> About this exercise
From the data that follows, set down exactly the lines from the one with "Kopfhörer, Filmklappe und" through the one with "Weber 56069 manual", counting both. Pictures stay out.

> Supplied entries

'''

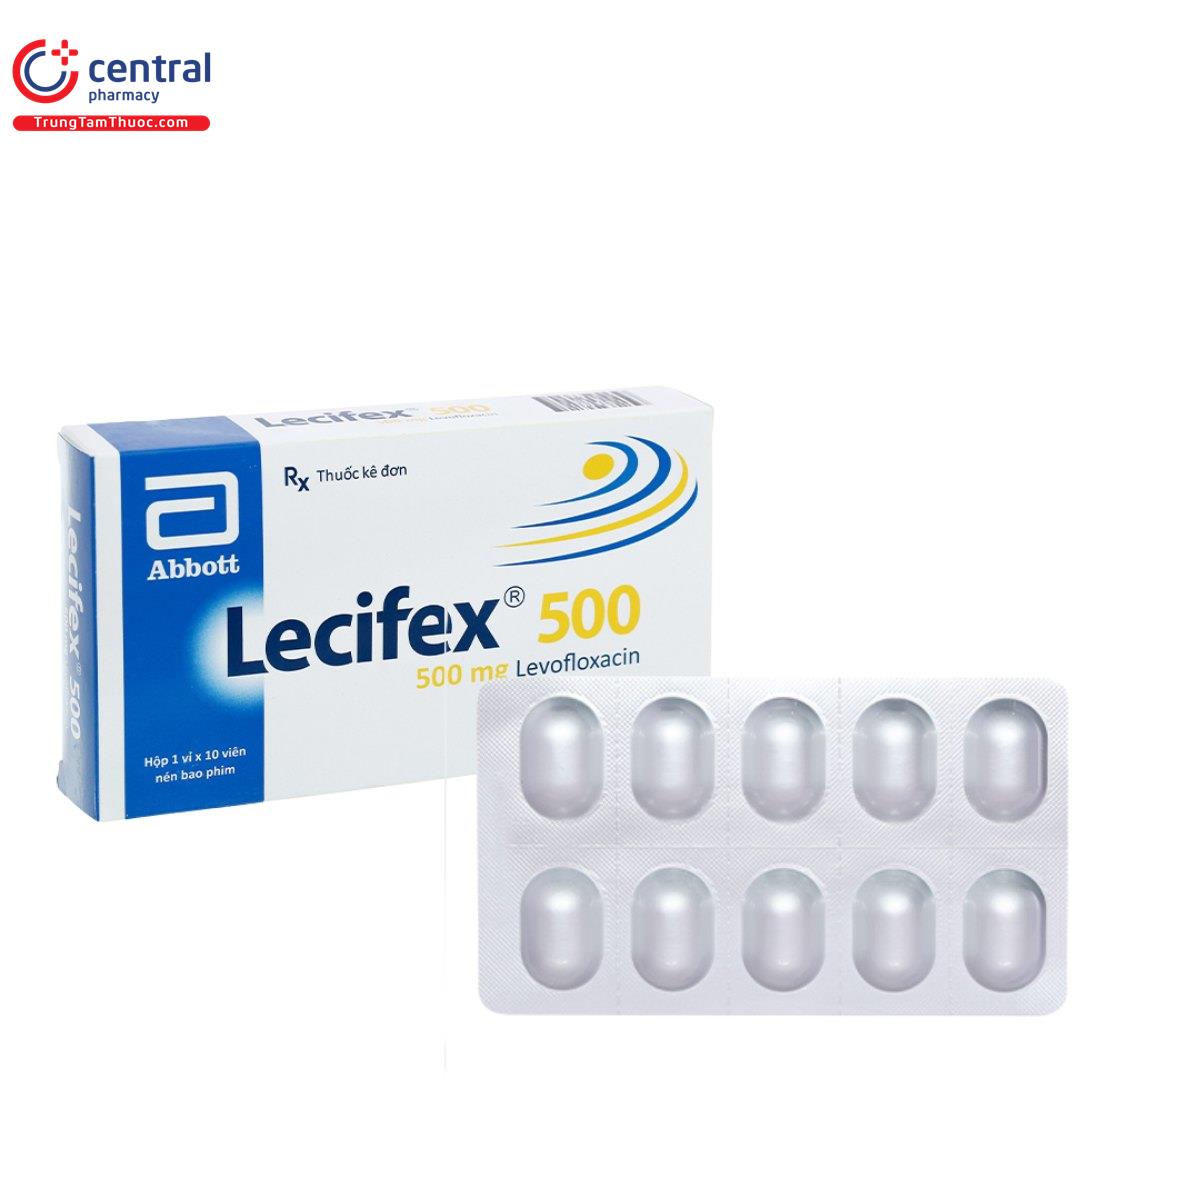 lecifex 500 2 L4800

'''
'''

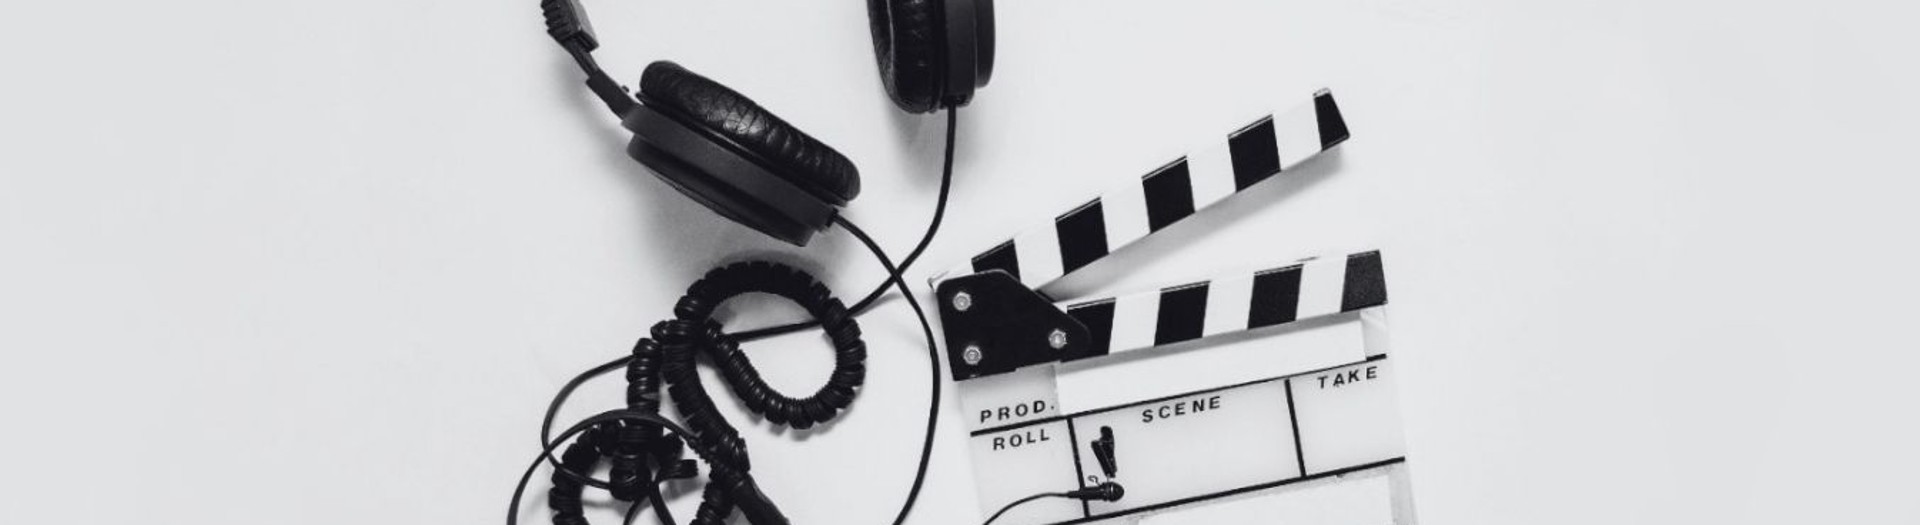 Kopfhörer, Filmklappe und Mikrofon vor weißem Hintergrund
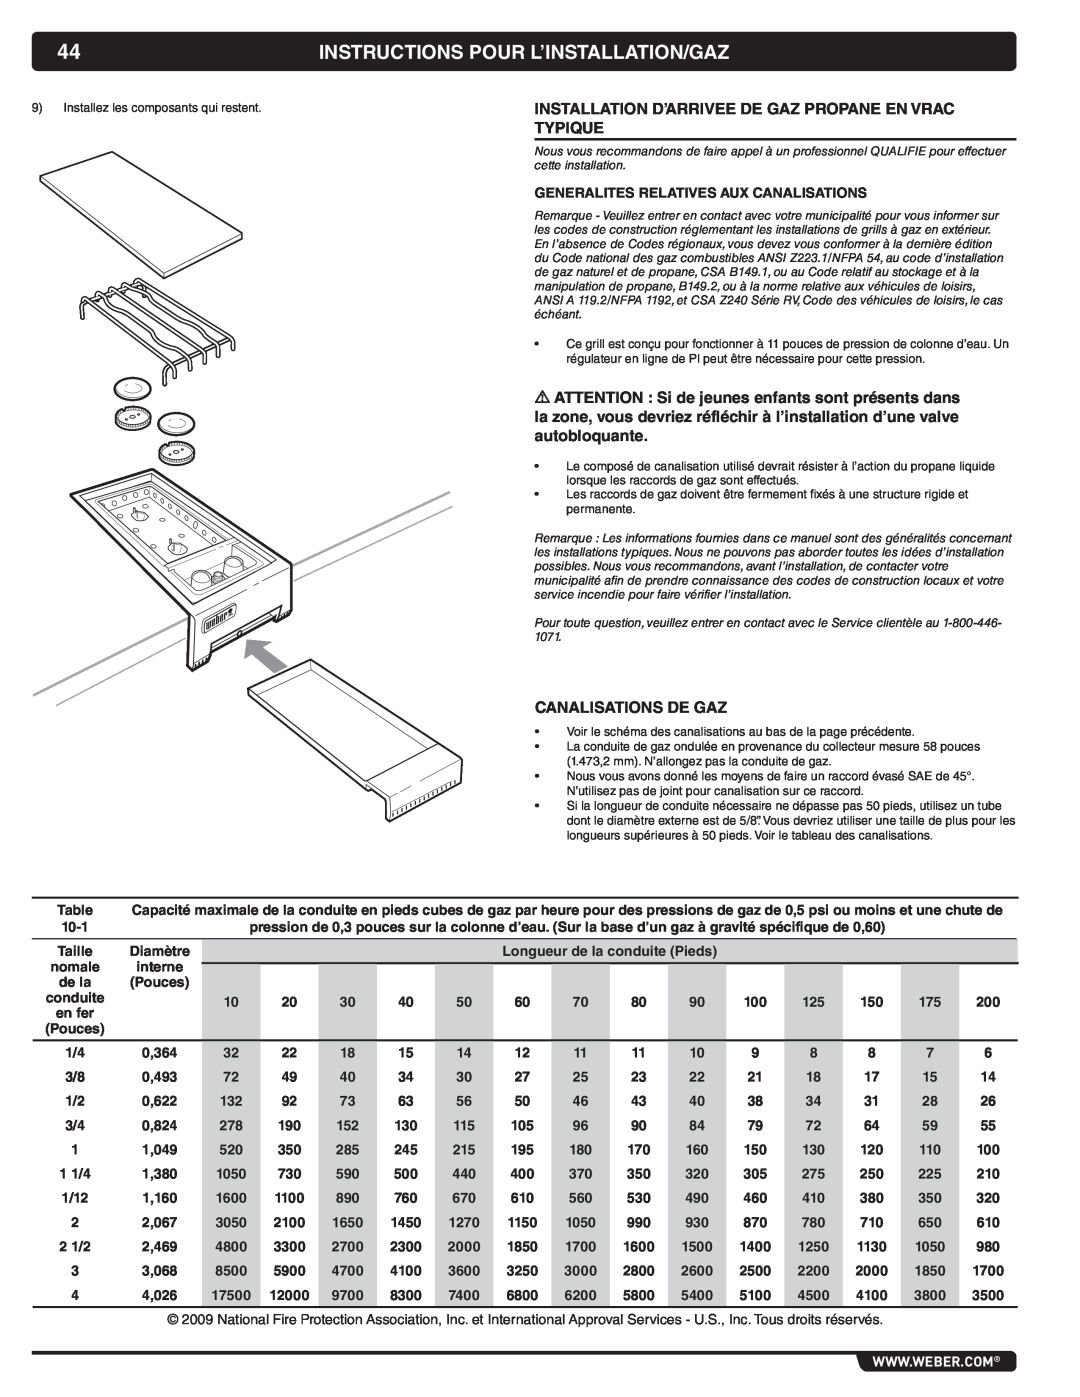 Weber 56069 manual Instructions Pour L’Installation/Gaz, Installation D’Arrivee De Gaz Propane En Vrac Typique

'''

> Result of this exercise
 Kopfhörer, Filmklappe und Mikrofon vor weißem Hintergrund
 Weber 56069 manual Instructions Pour L’Installation/Gaz, Installation D’Arrivee De Gaz Propane En Vrac Typique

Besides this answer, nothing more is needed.